Amish sues over photo ID
Lately, Americans have argued both about their right to bear arms and whether the free exercise of religion allows businesses and state officials to claim exemptions from requirements that conflict with their religious beliefs. It’s not everyday, however, that the two issues, guns and religion, wind up together in a single case.
In a suit that brings together the Second Amendment and the Religious Freedom Restoration Act (RFRA), an Amish man filed a federal lawsuit in Pennsylvania last week because he wants to buy a gun without the required photo ID — and because getting that photo ID would violate his religious beliefs.

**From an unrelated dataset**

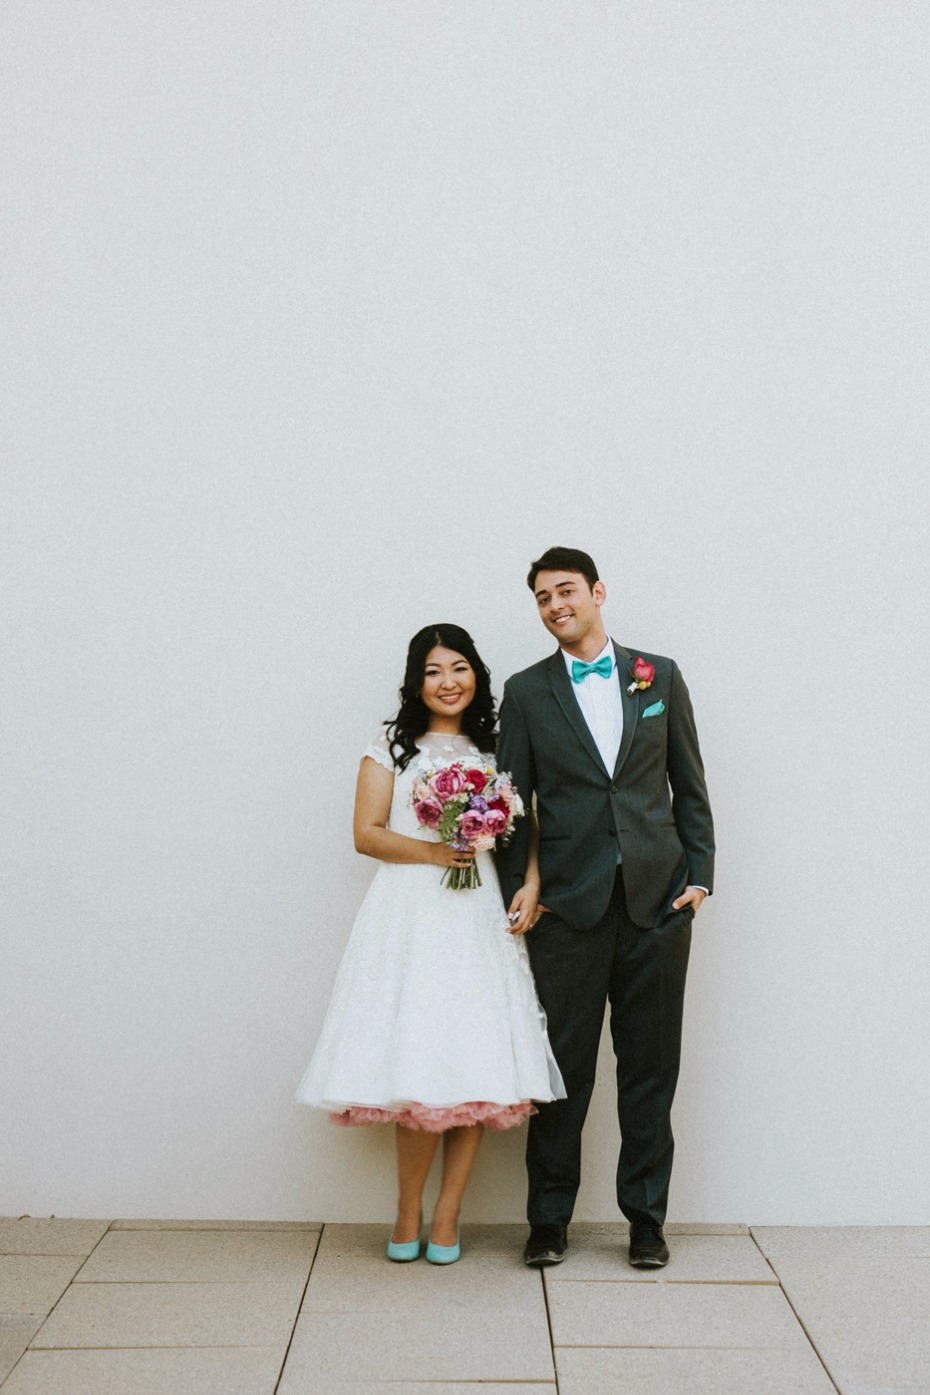 Cute and colorful wedding

Andrew Hertzler, according to the suit, is from Lancaster County, Pa., and is an “active and practicing” member of the community; his “parents, grandparents, and siblings are all active and practicing Amish”; and he “has a sincerely held religious belief that prevents him from knowingly and willingly having his photograph taken and stored.”
“The Amish faith prohibits an individual from having his/her photograph taken,” the suit read. “This belief stems from the Biblical passage Exodus 20:4, which mandates that ‘You shall not make unto thee any graven image, or any likeness of anything that is in heaven above, or that is in the earth beneath, or that is in the water under the earth,’ as well as the Christian belief in humility.”
But Hertzler’s humility caused a problem when, in June, he tried to buy a gun from a Pennsylvania dealer “using a nonphoto, state-issued identification.” This wasn’t enough, according to the dealer — Hertzler was told he needed a picture ID.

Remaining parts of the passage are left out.